The hospital walls were a bland white. Although they say some colors are supposed to have a calming effect on you, this white did not do that for me. They should’ve made the walls a light blue. I’ve heard that that’s the most soothing color. In fact it’s scientifically proven to have a calming effect on people. However this white color did nothing for my mood and demeanor. I was on edge. And I had been ever since I’d arrived.
The night before last was absolute hell. I had never felt so off. I was not myself and I hadn’t been for a long time. I knew something like this was coming, I knew my parents (especially my mom) couldn’t handle this for much longer. There had been a lot of buildup to this one day where everything just fell to pieces.
It started out like all the other days had. I hadn’t gotten much sleep like usual, so I proceeded through my daily routine; sleep deprived and on edge. Today was a little harder than normal though. I tried to compose myself numerous times but could feel that it just wasn’t going to happen. From that point on in the day everything started to build up, nothing was going right. And to top that all of I could not stop crying and I had no idea why. This whole crying ordeal had been going on for what seems like forever but was really only a few weeks. We could not figure out was wrong and it seemed like we had been to every single doctor in the whole state. I had become a human pin cushion with all of the needles the doctors were stabbing into me. It seemed endless, the doctors appointments, the new medicines, and the crying. The crying was the worst.
The whole day is a blur, because our brains, being as smart as they are, attempt to block out traumatic events. The most prevailing memory happens to be the 2014 Fifa world cup and the taste of salt. I remember sitting on the couch with my mom crying, of course (which is where the salt taste comes from) but also watching the U.S. men's soccer team get crushed in all the games they played. The crying wasn’t the problem that had all the doctor's perplexed. It was the anxiety. I was experiencing extreme separation anxiety from my mom which prevented me from experiencing my summer as a normal almost 5th grader. This so called “illness” of mine caused so much stress on my parents mostly because they had absolutely no idea what was wrong with me. They watched my bright and energetic personality wash away in a matter of days and be replaced with the personality of a stranger. I had become less enthusiastic about everything. It caused so much anguish for them because they had absolutely no idea on how to help me.
This endless cycle of crying and watching game after game of the world cup eventually had to come to an end. When this time period ended I experienced a lot of firsts. My first trip to the ER. My first CAT scan. My first overnight in a hospital. My first ambulance ride. My first time feeling absolute utter terror. My first time in a mental hospital.

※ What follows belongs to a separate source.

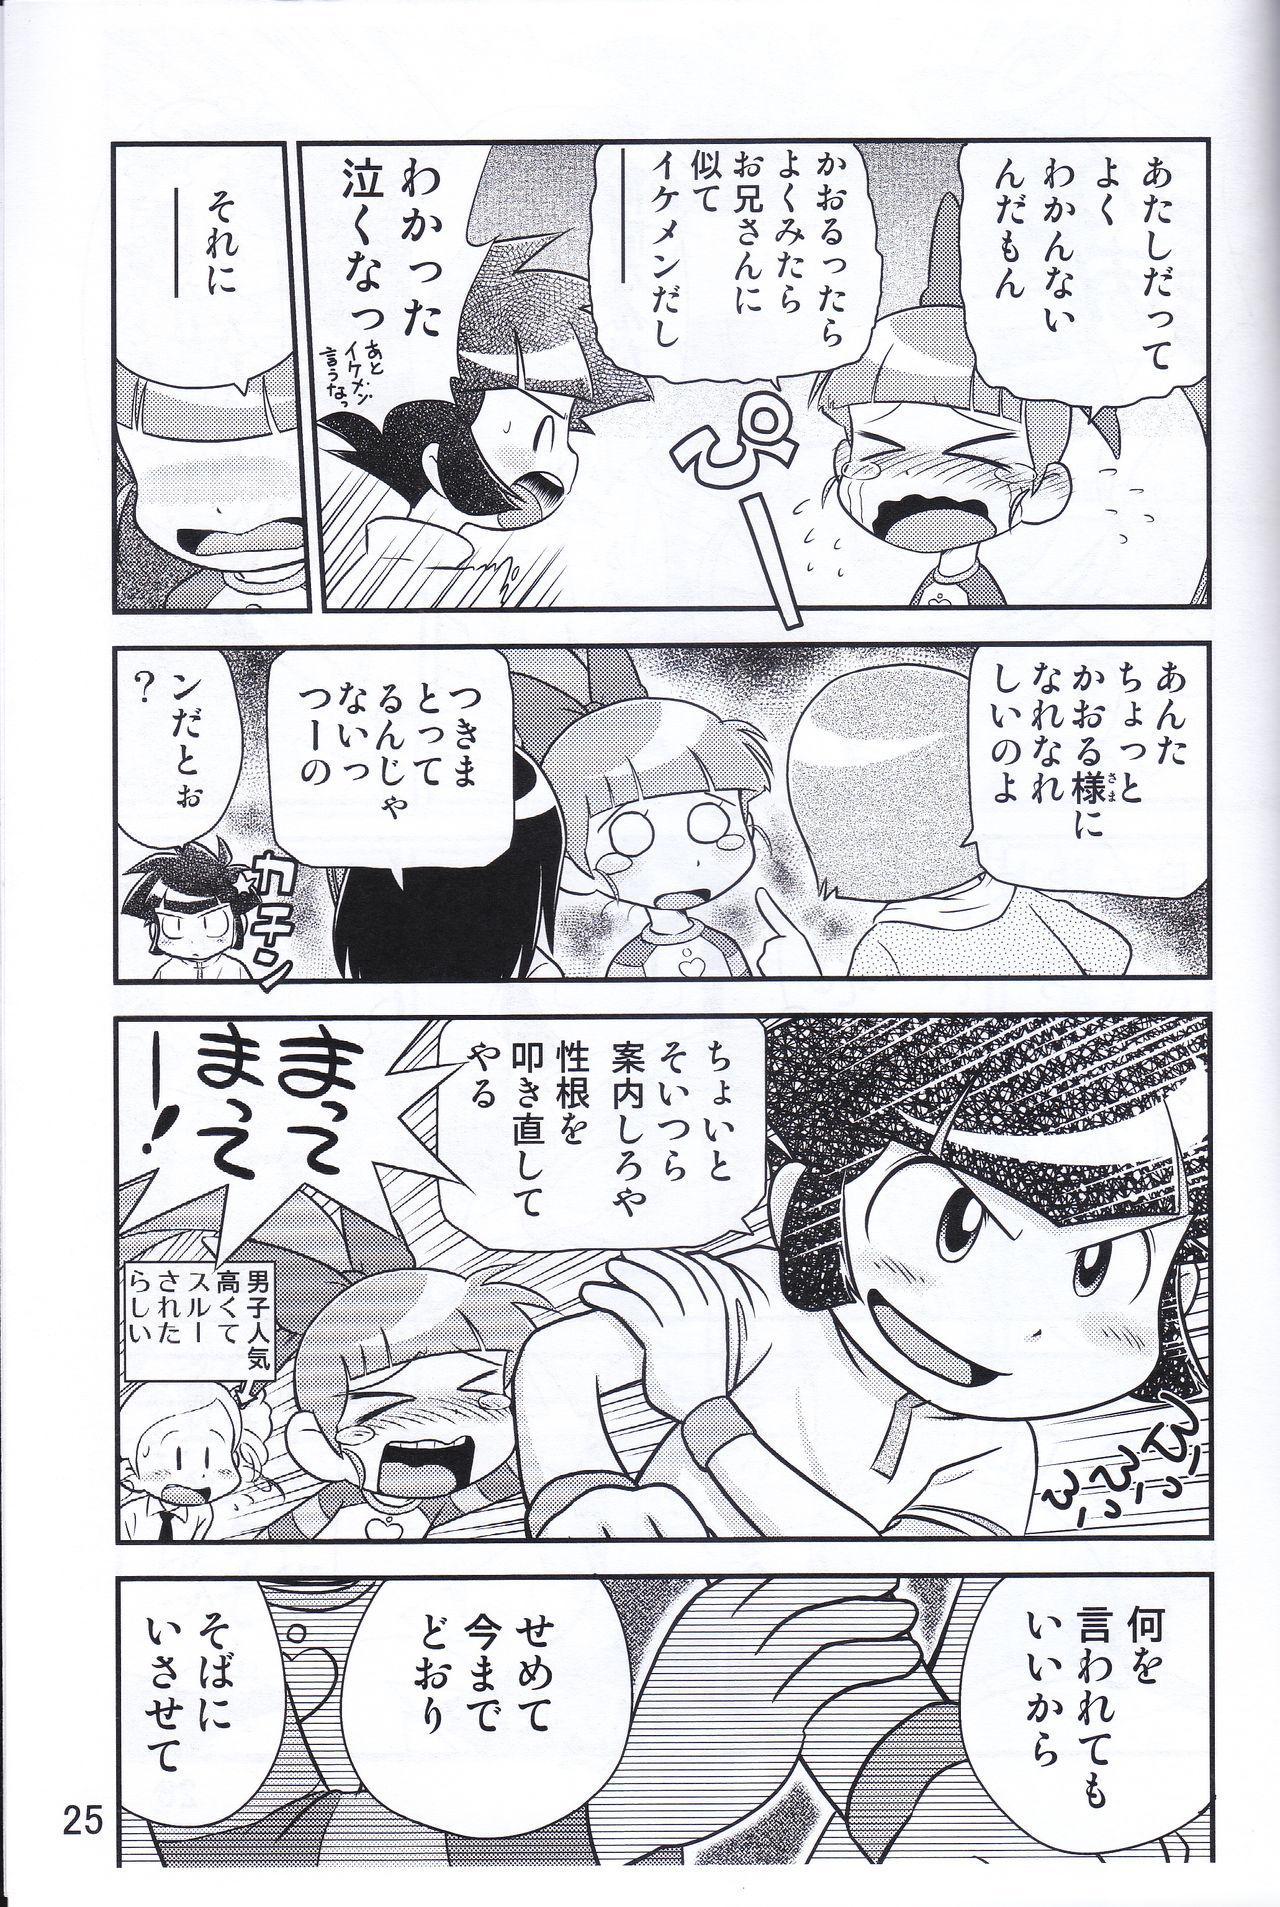 Juicy6 24

The absolute last thing I would want to do it relive that traumatic experience that my brain has worked so hard to suppress. The only thing that I will say, is that by the end of my very traumatizing week the chemically smell of hospital was burned permanently into my nose and the only thing that had come out of it was that the doctors finally figured out I had Lyme disease. Which I’ve had since I was four years old. The final thing that I told the attendants as I was leaving was that they should repaint the walls of the hospital a nice cool calming color, like blue.